» **DATA**
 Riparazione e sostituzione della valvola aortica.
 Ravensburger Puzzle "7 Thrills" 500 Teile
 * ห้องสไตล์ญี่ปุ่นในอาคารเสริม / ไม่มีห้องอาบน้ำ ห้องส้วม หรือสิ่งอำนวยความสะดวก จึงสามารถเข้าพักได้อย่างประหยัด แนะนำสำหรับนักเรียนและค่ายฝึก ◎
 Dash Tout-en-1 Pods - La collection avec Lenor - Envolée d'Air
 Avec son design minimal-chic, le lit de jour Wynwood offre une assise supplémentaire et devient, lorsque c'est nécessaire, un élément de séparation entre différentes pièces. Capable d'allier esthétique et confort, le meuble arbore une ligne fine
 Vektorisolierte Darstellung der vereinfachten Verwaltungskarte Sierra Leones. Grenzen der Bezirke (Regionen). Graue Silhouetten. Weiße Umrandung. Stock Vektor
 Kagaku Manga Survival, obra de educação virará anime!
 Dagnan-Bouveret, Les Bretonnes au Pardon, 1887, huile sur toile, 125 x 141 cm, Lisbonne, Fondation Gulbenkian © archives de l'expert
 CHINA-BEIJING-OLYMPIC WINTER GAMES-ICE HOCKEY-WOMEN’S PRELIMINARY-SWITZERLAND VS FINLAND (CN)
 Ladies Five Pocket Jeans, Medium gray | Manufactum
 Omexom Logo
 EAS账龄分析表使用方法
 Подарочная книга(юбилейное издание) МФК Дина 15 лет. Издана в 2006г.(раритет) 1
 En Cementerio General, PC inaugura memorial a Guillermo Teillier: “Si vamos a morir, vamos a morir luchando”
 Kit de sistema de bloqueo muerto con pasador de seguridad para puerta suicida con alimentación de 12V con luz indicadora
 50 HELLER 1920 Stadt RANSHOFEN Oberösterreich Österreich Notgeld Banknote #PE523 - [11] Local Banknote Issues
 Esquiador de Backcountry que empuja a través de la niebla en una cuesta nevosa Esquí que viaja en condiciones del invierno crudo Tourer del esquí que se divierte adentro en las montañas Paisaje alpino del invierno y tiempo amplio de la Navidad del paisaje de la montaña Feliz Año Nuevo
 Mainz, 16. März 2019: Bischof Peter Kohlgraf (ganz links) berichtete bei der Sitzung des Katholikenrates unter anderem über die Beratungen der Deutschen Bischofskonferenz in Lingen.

» **INSTRUCTIONS FOR THE TASK**
From the data above, reproduce word for word the lines running from the line with "Vektorisolierte Darstellung der" to the line with "Esquiador de Backcountry", ends included.

» **REPLY TO THE TASK**
 Vektorisolierte Darstellung der vereinfachten Verwaltungskarte Sierra Leones. Grenzen der Bezirke (Regionen). Graue Silhouetten. Weiße Umrandung. Stock Vektor
 Kagaku Manga Survival, obra de educação virará anime!
 Dagnan-Bouveret, Les Bretonnes au Pardon, 1887, huile sur toile, 125 x 141 cm, Lisbonne, Fondation Gulbenkian © archives de l'expert
 CHINA-BEIJING-OLYMPIC WINTER GAMES-ICE HOCKEY-WOMEN’S PRELIMINARY-SWITZERLAND VS FINLAND (CN)
 Ladies Five Pocket Jeans, Medium gray | Manufactum
 Omexom Logo
 EAS账龄分析表使用方法
 Подарочная книга(юбилейное издание) МФК Дина 15 лет. Издана в 2006г.(раритет) 1
 En Cementerio General, PC inaugura memorial a Guillermo Teillier: “Si vamos a morir, vamos a morir luchando”
 Kit de sistema de bloqueo muerto con pasador de seguridad para puerta suicida con alimentación de 12V con luz indicadora
 50 HELLER 1920 Stadt RANSHOFEN Oberösterreich Österreich Notgeld Banknote #PE523 - [11] Local Banknote Issues
 Esquiador de Backcountry que empuja a través de la niebla en una cuesta nevosa Esquí que viaja en condiciones del invierno crudo Tourer del esquí que se divierte adentro en las montañas Paisaje alpino del invierno y tiempo amplio de la Navidad del paisaje de la montaña Feliz Año Nuevo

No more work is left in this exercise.